[Work order]:
Leaving out the images, repeat all the lines below exactly.

[The data]:
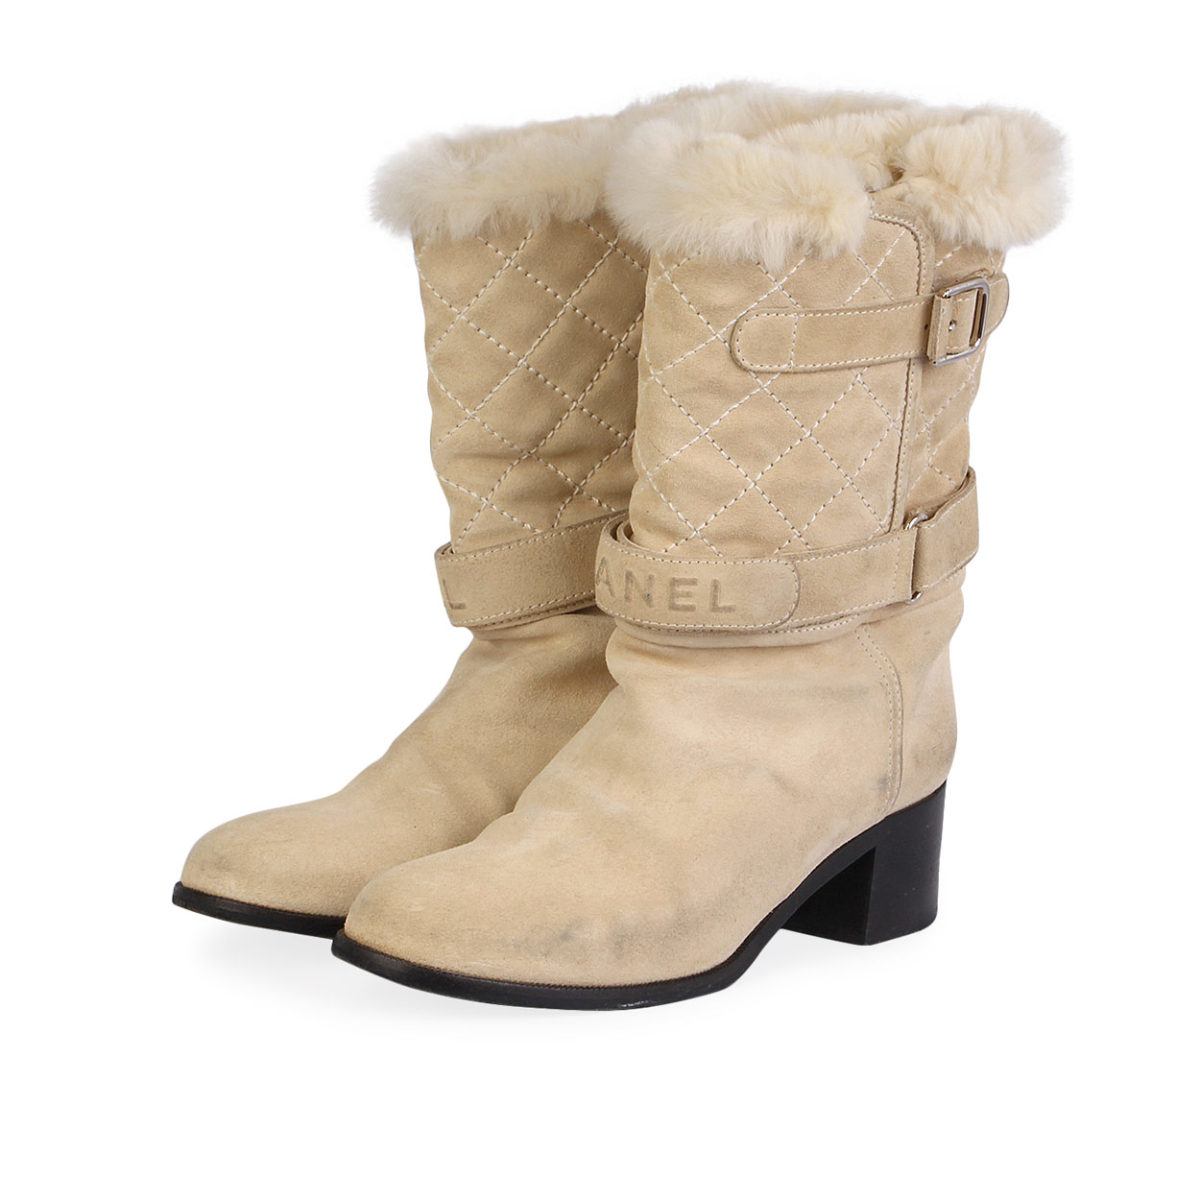 CHANEL Suede Fur Trimmed Boots Cream 
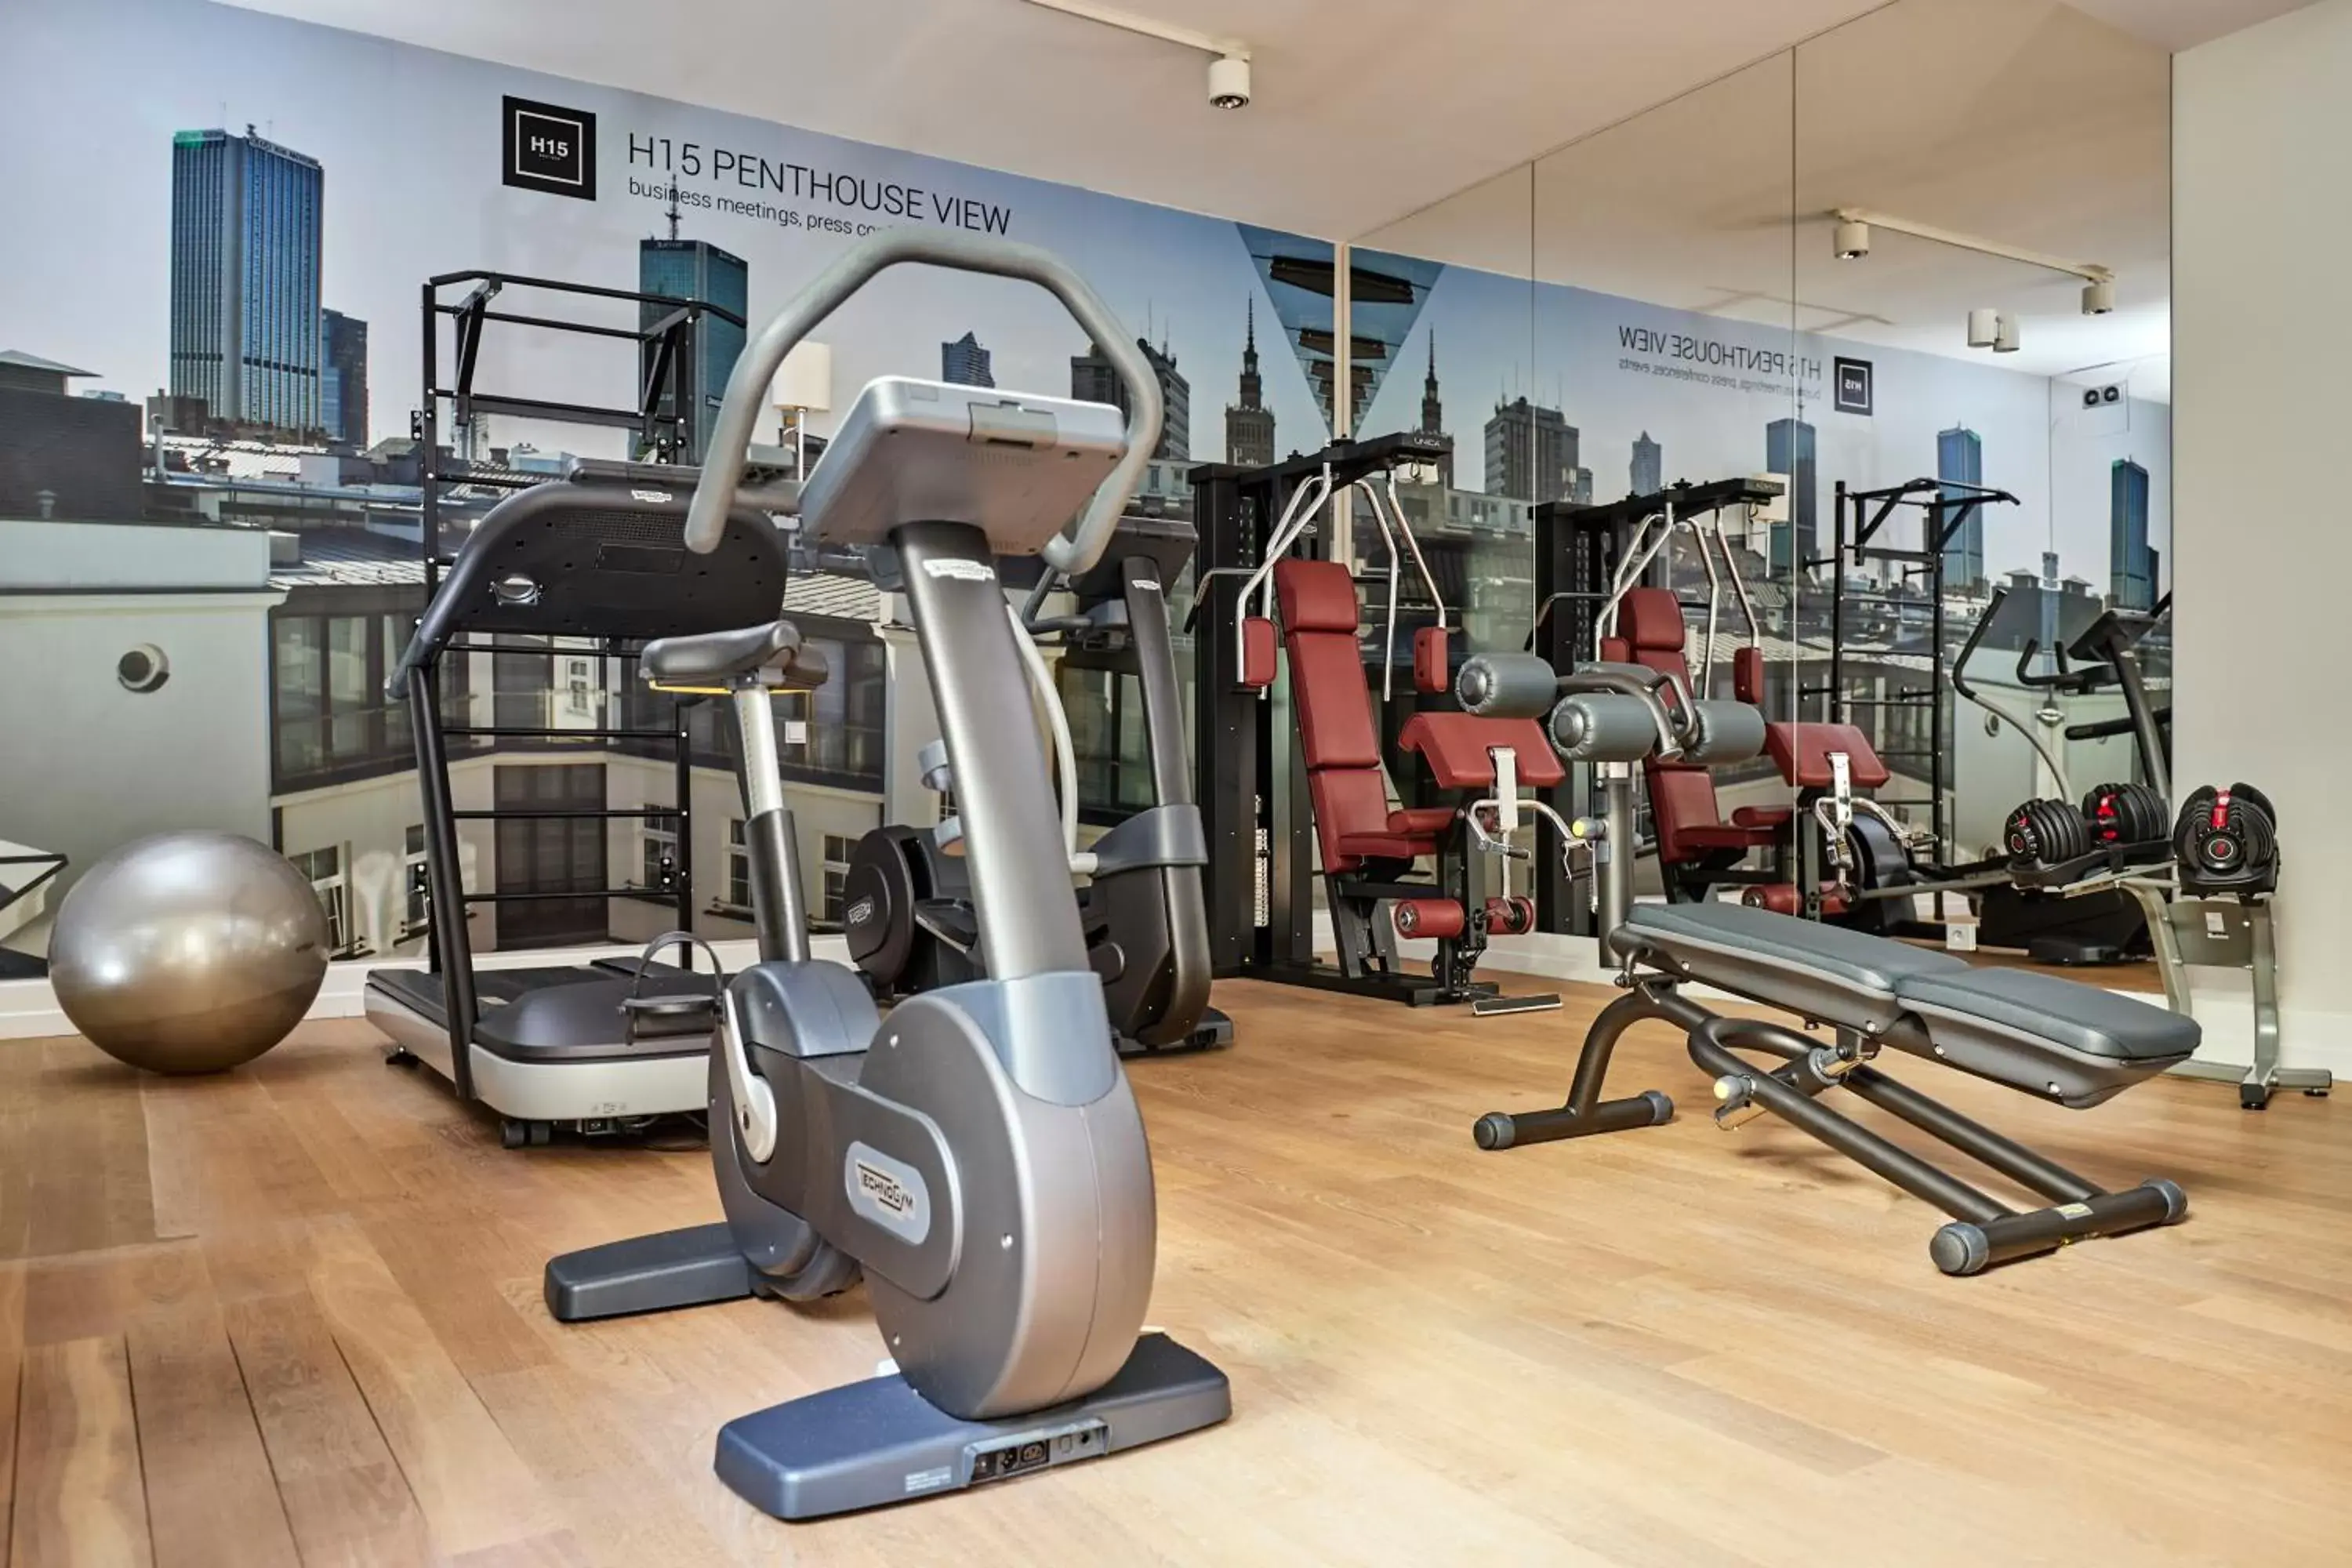 Fitness centre/facilities, Fitness Center/Facilities in H15 Boutique Hotel
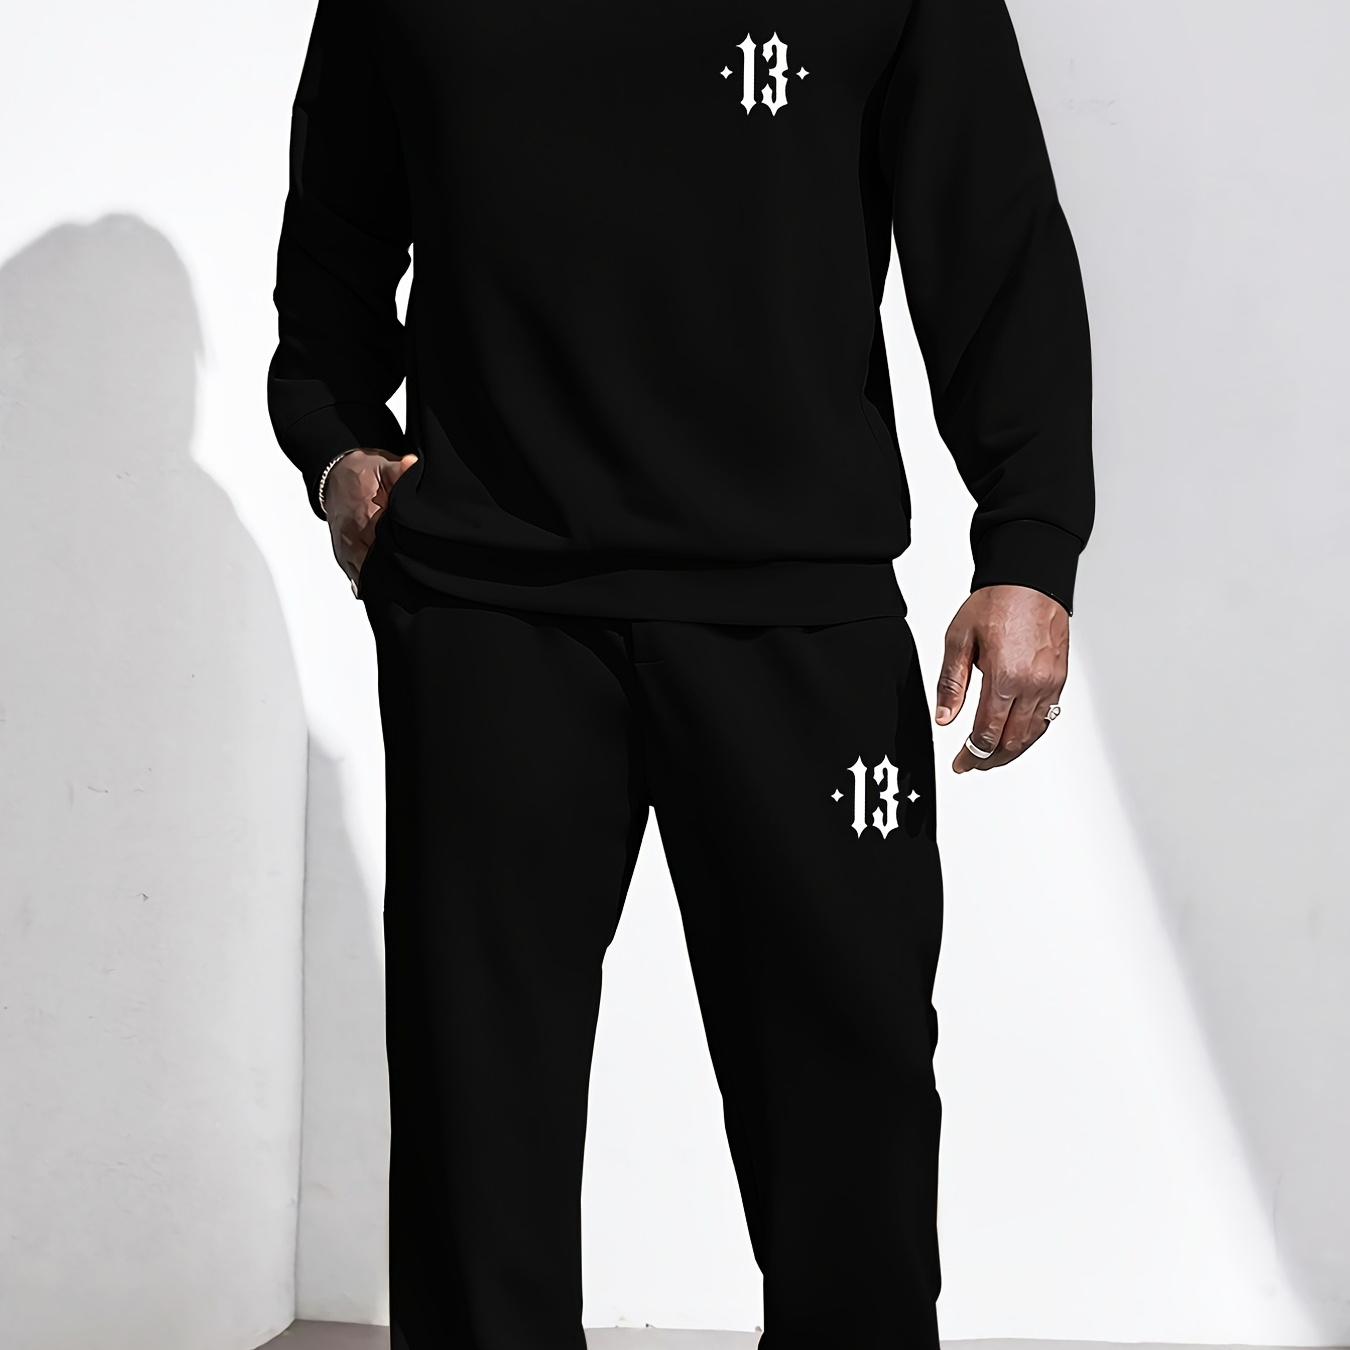 

Men's Creative Symbol Print Round Neck Casual Outfit Set, 2 Pieces Long Sleeve Pullover Sweatshirt And Drawstring Sweatpants

[Exercise solution]:
 CHANEL Suede Fur Trimmed Boots Cream 
 Fitness centre/facilities, Fitness Center/Facilities in H15 Boutique Hotel

Men's Creative Symbol Print Round Neck Casual Outfit Set, 2 Pieces Long Sleeve Pullover Sweatshirt And Drawstring Sweatpants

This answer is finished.